The Black Obelisk [applause]. So this is the first thing that WebKit, and Safari ever, you know, what became Safari, ever rendered. Now, see, it's a little bit of a secret, as it actually turns out that this was a reversal, that Obelisk should have been on the other side of the screen, but we fixed that sort of little geometry problem very soon after.

But you can imagine that once I got this going, go ahead and fetched everybody who was disclosed in the project, and we're all sitting around sort of like "2001 Space Odyssey" with this Black Obelisk, going "whoo." So that was a very happy, happy moment. Now the lesson from this experience is don't try to solve every problem at once. At this point we had almost no knowledge of now the innards of KHTML worked. This was simply a mechanical process of making the compiler happy, making the linker happy, making it so the program didn't crash when we tried to do something with it.

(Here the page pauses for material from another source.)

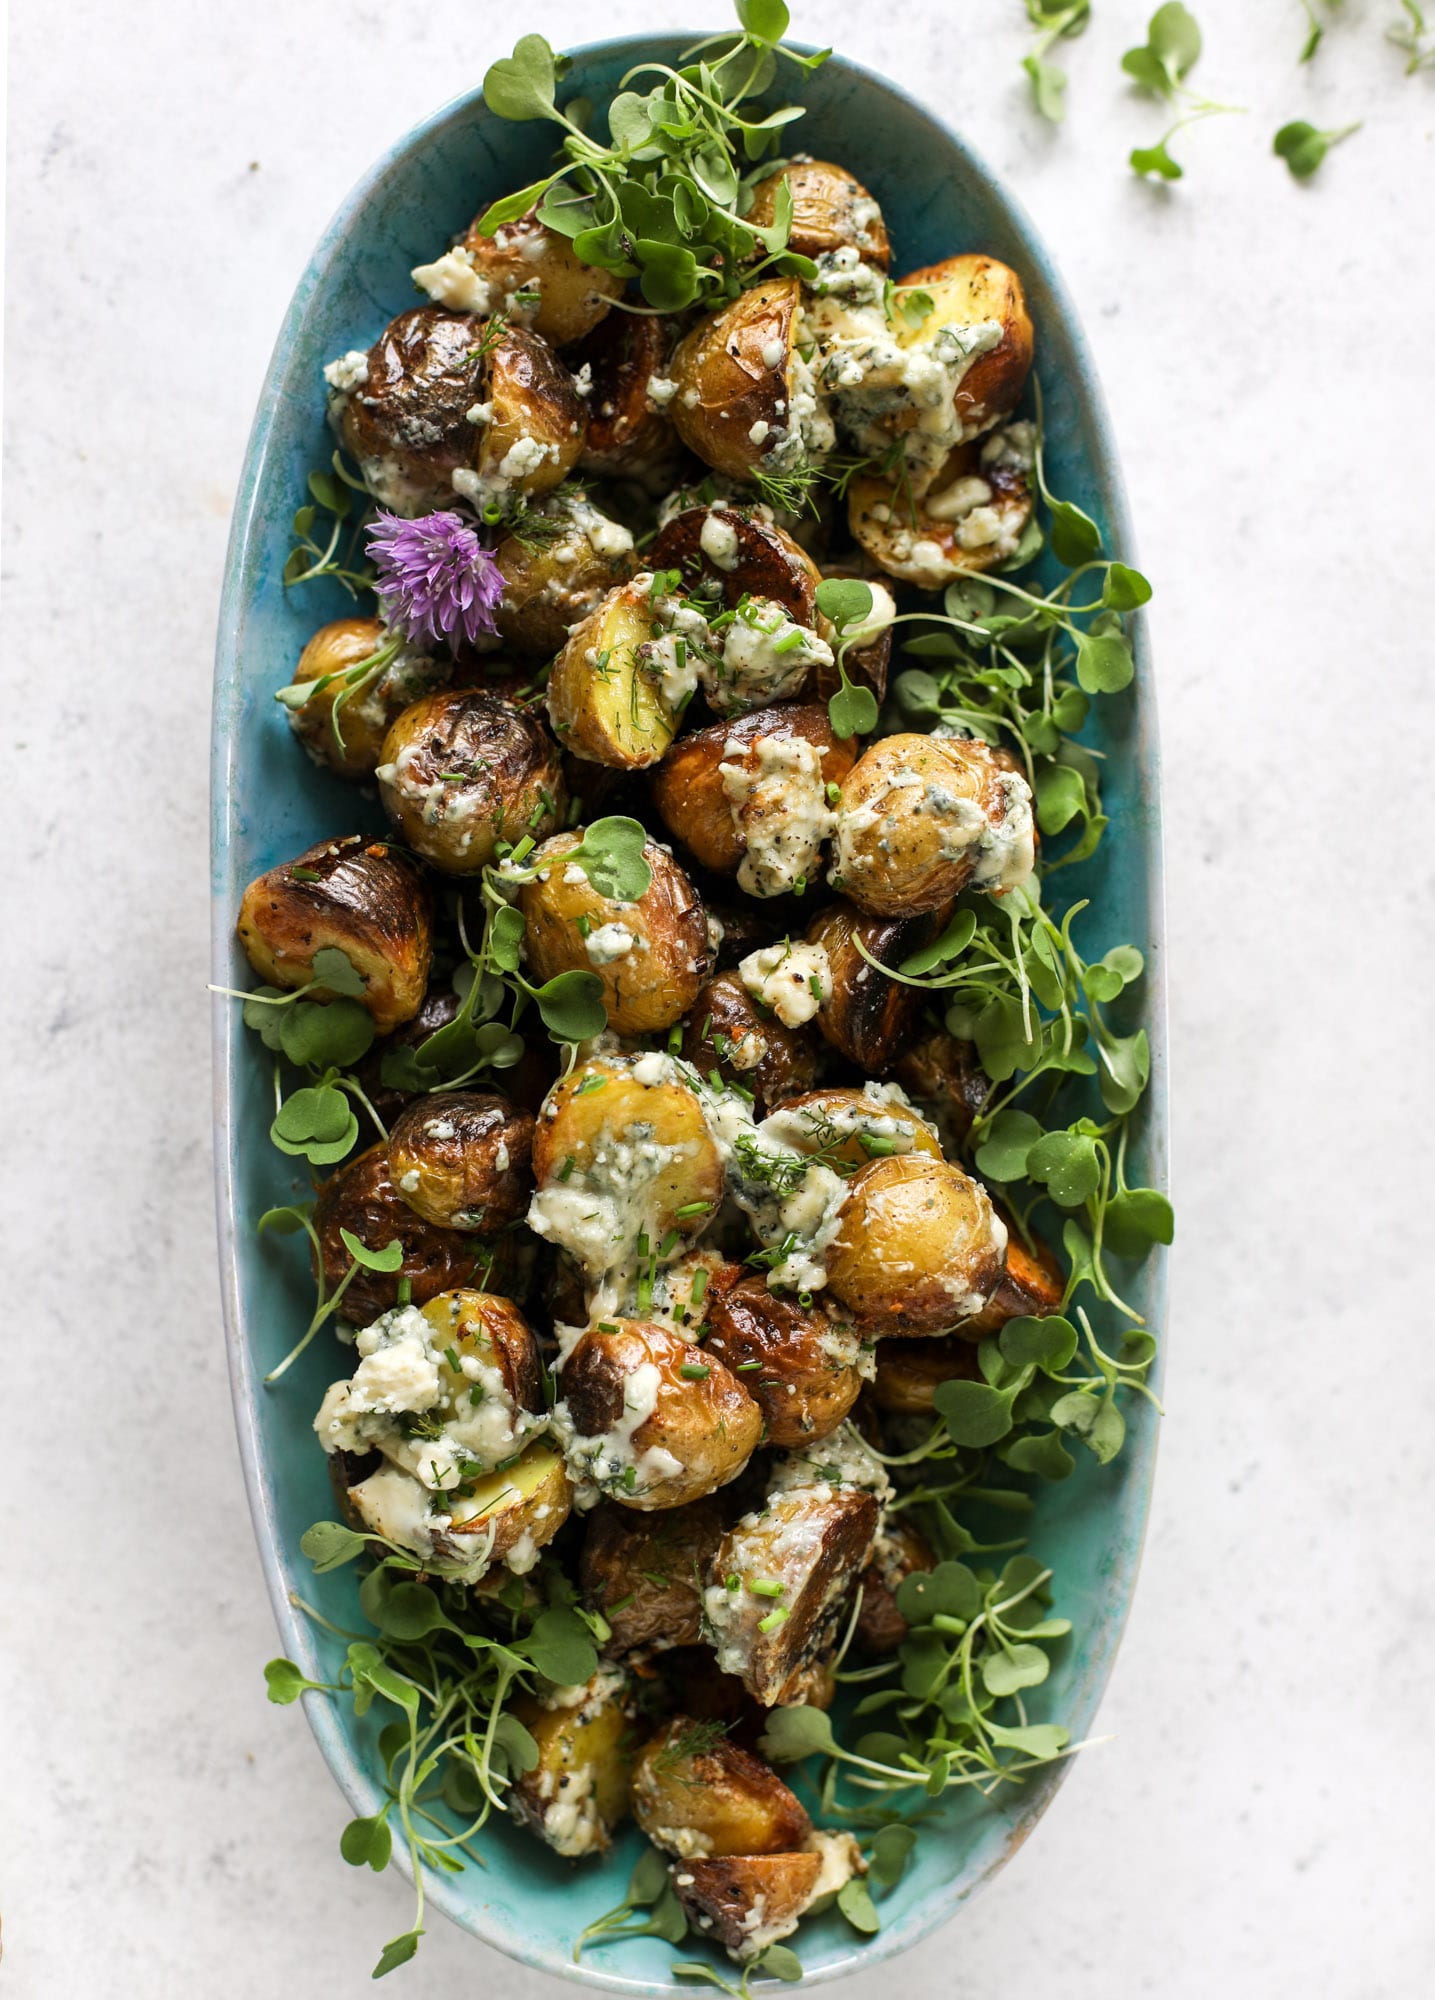 These grilled gorgonzola potatoes are loaded with flavor! Crispy, crunchy grilled bab golds topped with creamy blue cheese and fresh herbs.

It was all very, very mechanical. The compiler says there's something missing, go add that thing so that it's no longer missing, right? Now it turns out, of course, a web rendering engine is a very, very complicated piece of software, and but we just didn't have the bandwidth to think about it at this point as we were trying to just get those lights to come on.

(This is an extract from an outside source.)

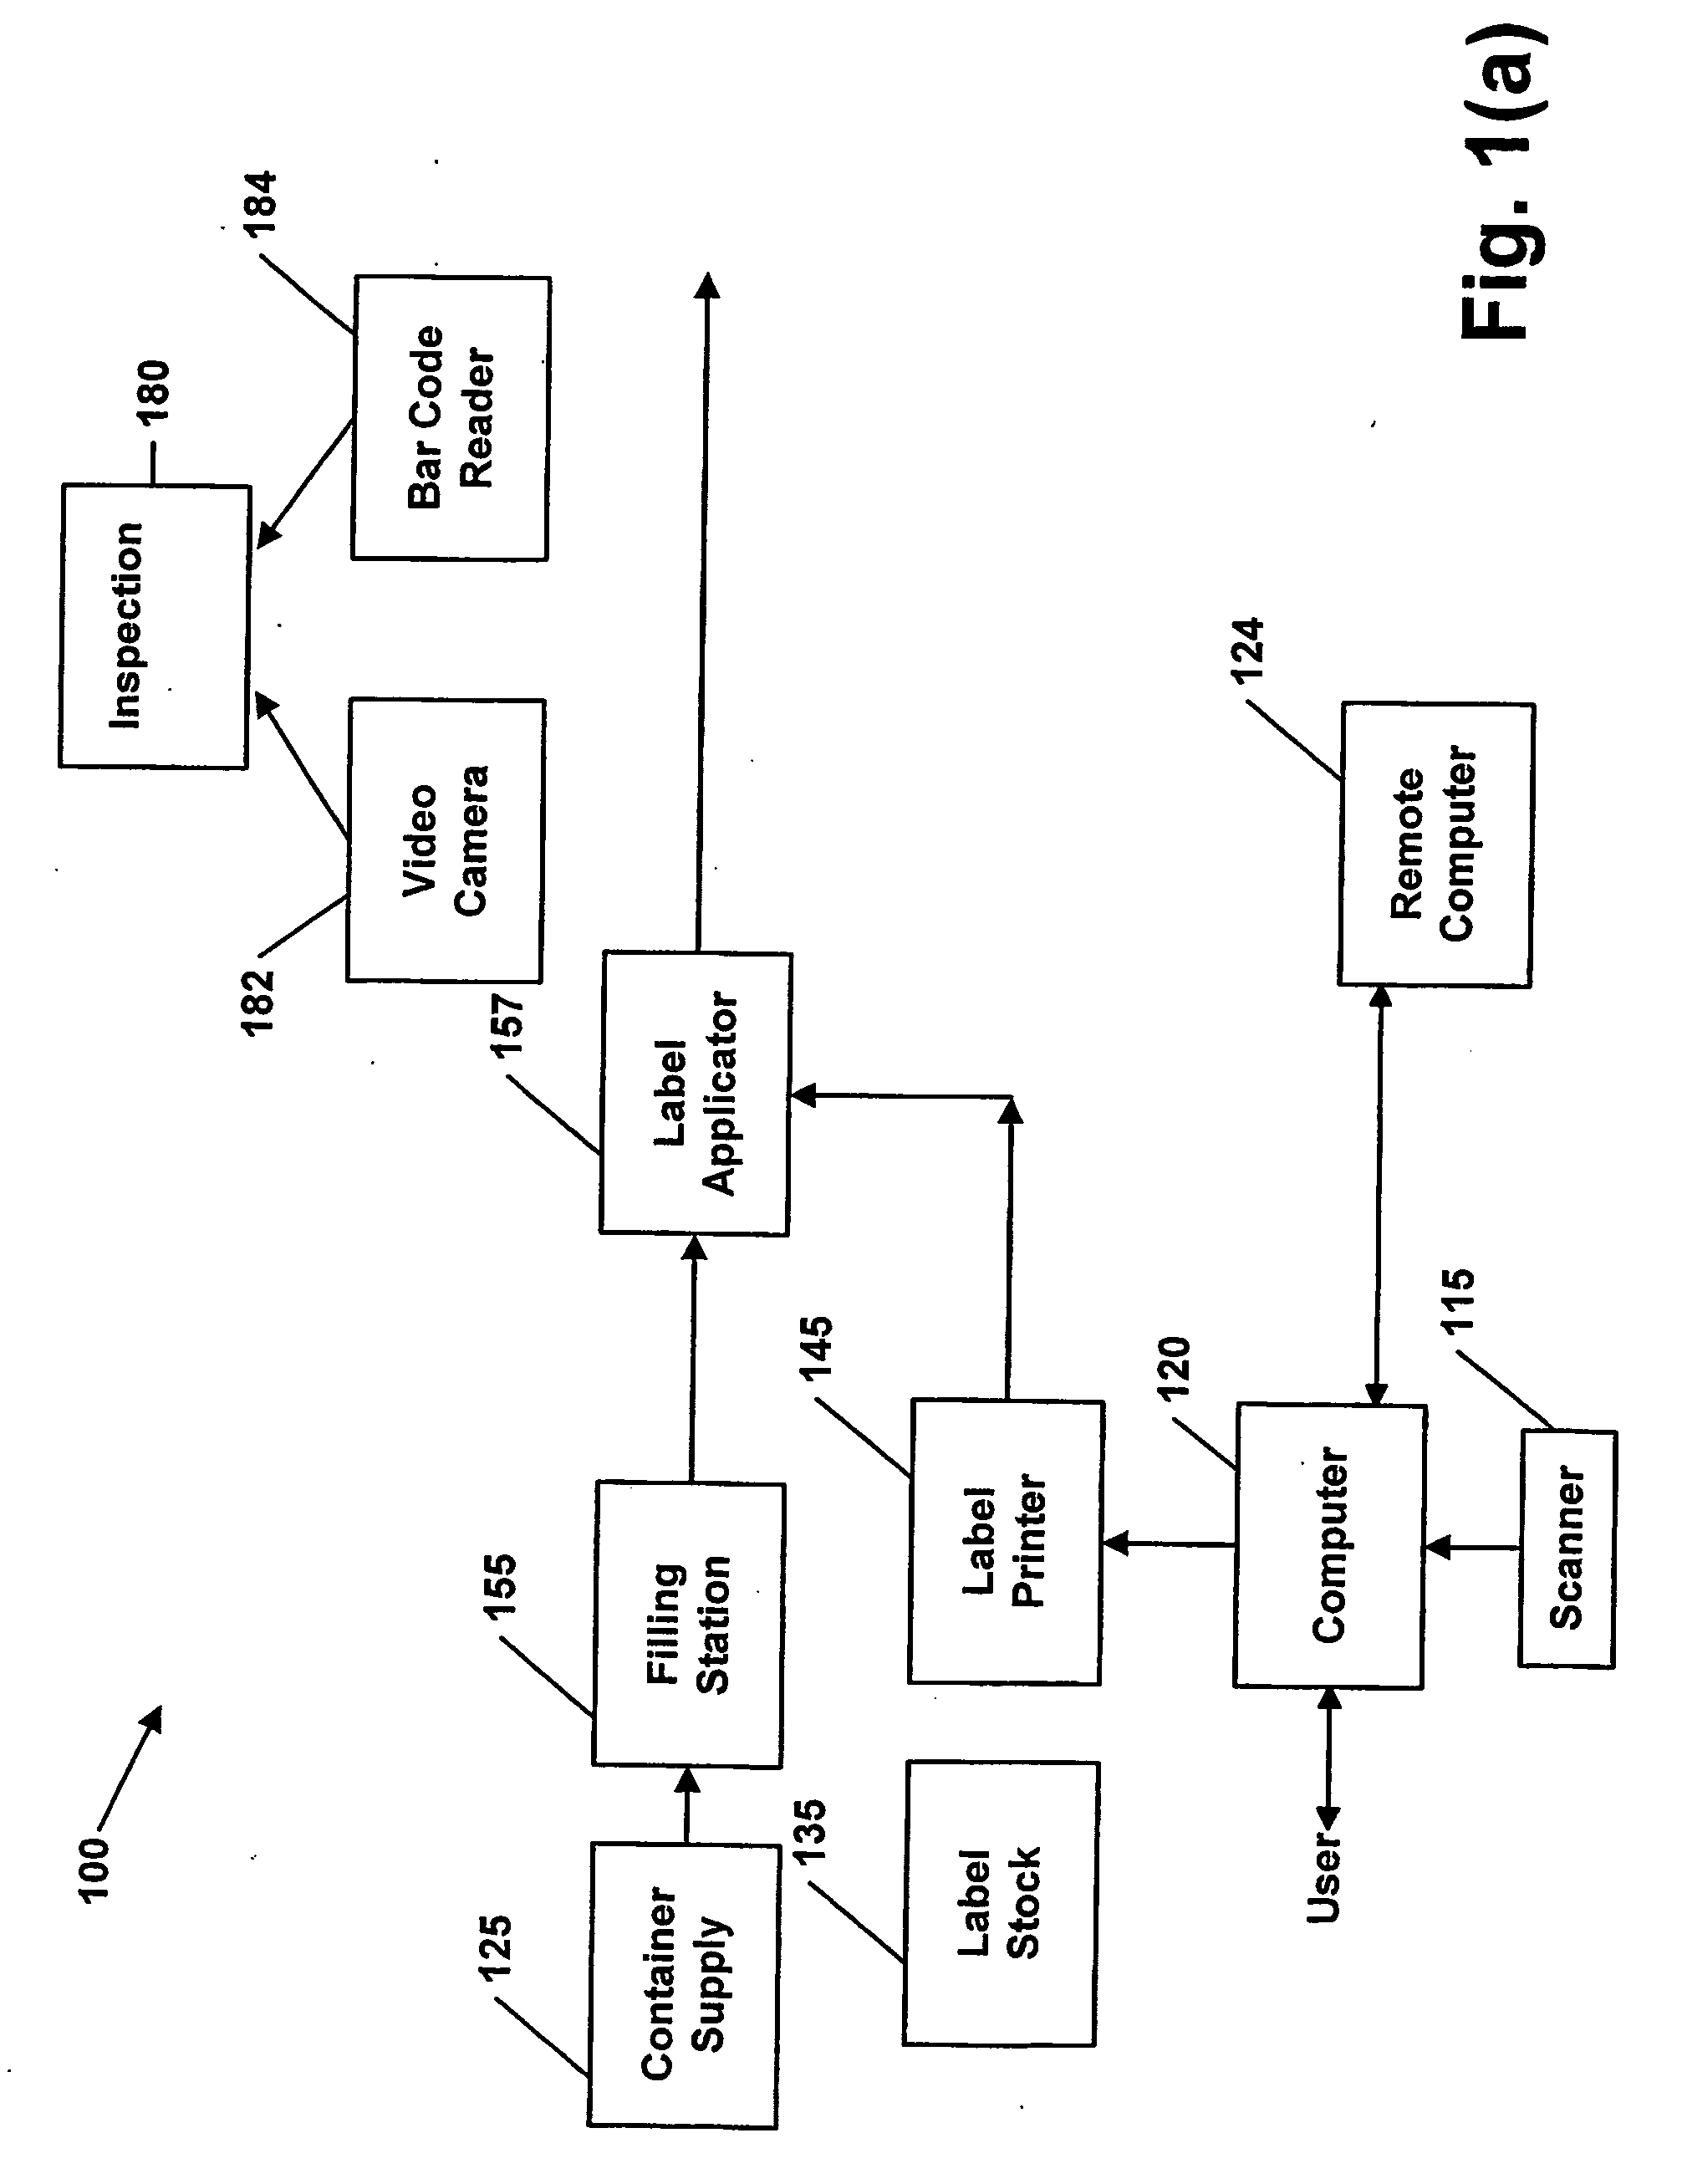 Method and apparatus for applying bar code information to products during production

That began to happen as soon as we had a program that would no longer crash, right? So don't care. If you're trying to attack a new, big problem, and you've got this big problem space, particularly if that problem space is new to you, just try to figure out what the most important thing is to do first and do that. Don't think about the whole problem or try to operate on solving the whole problem at one time, right? So don't try to solve every problem at once, and that's "The Black Obelisk." So the next story, number three, is "The Hardest Problem.

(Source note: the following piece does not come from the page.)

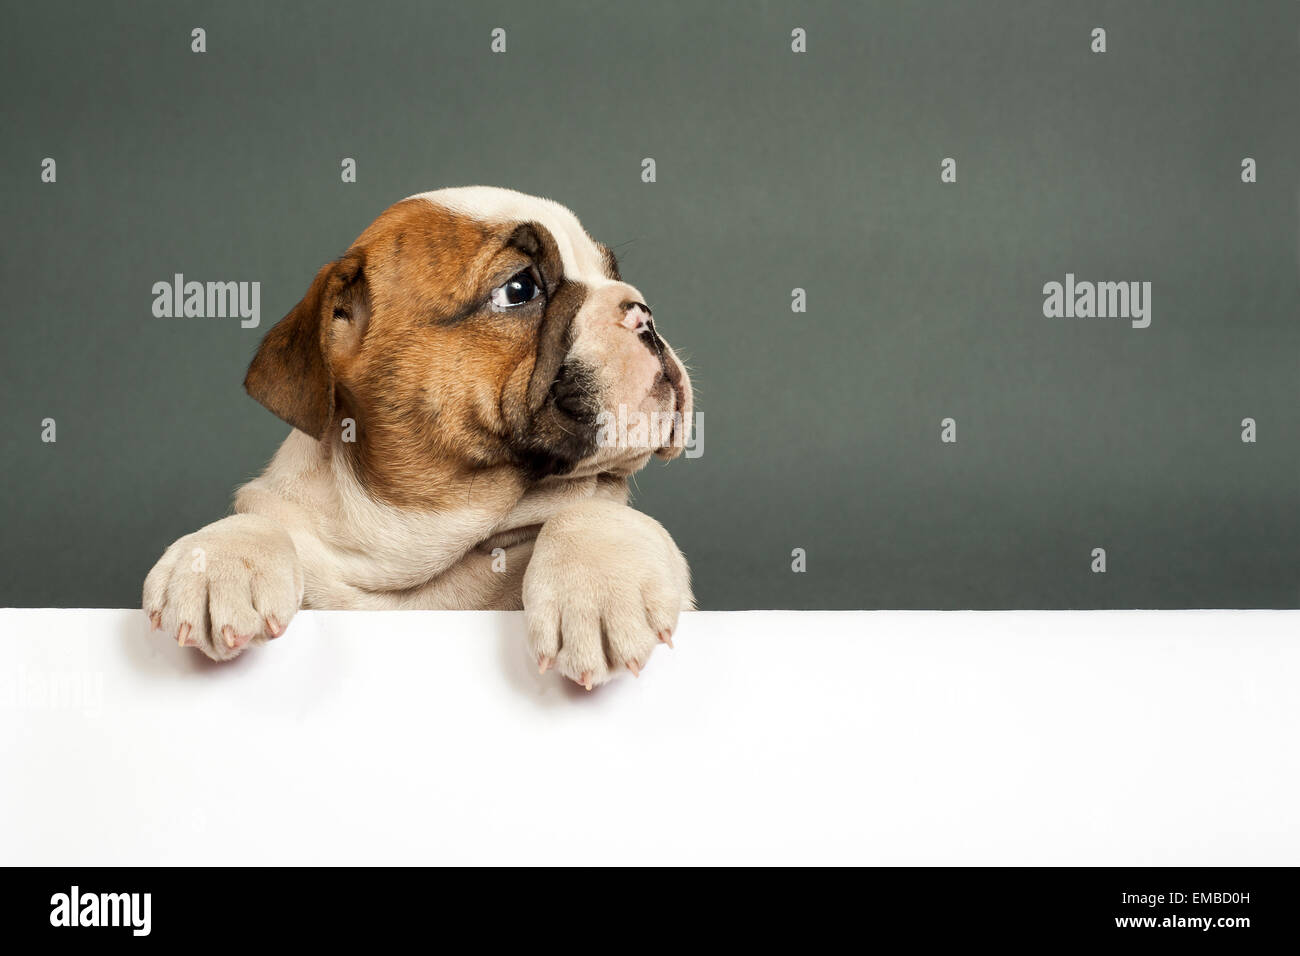 https://c8.alamy.com/comp/EMBD0H/cute-english-bulldog-puppy-with-paws-on-a-message-board-EMBD0H.jpg

And the lesson is find smart friends and listen to them. So fast forward to the fall of 2003, and my job became editing to WebKit. So we wanted to use WebKit to edit HTML mail in mail.app on Mac OS X, and we wanted to make editing in WebKit look and work like a text editor, okay? So the problem that we were trying to solve is somewhat obvious, right? A lot of other platforms, in particular Windows, sends HTML mail from Outlook, and we wanted to not only render it, which we could now that we had WebKit, but we also wanted to edit it.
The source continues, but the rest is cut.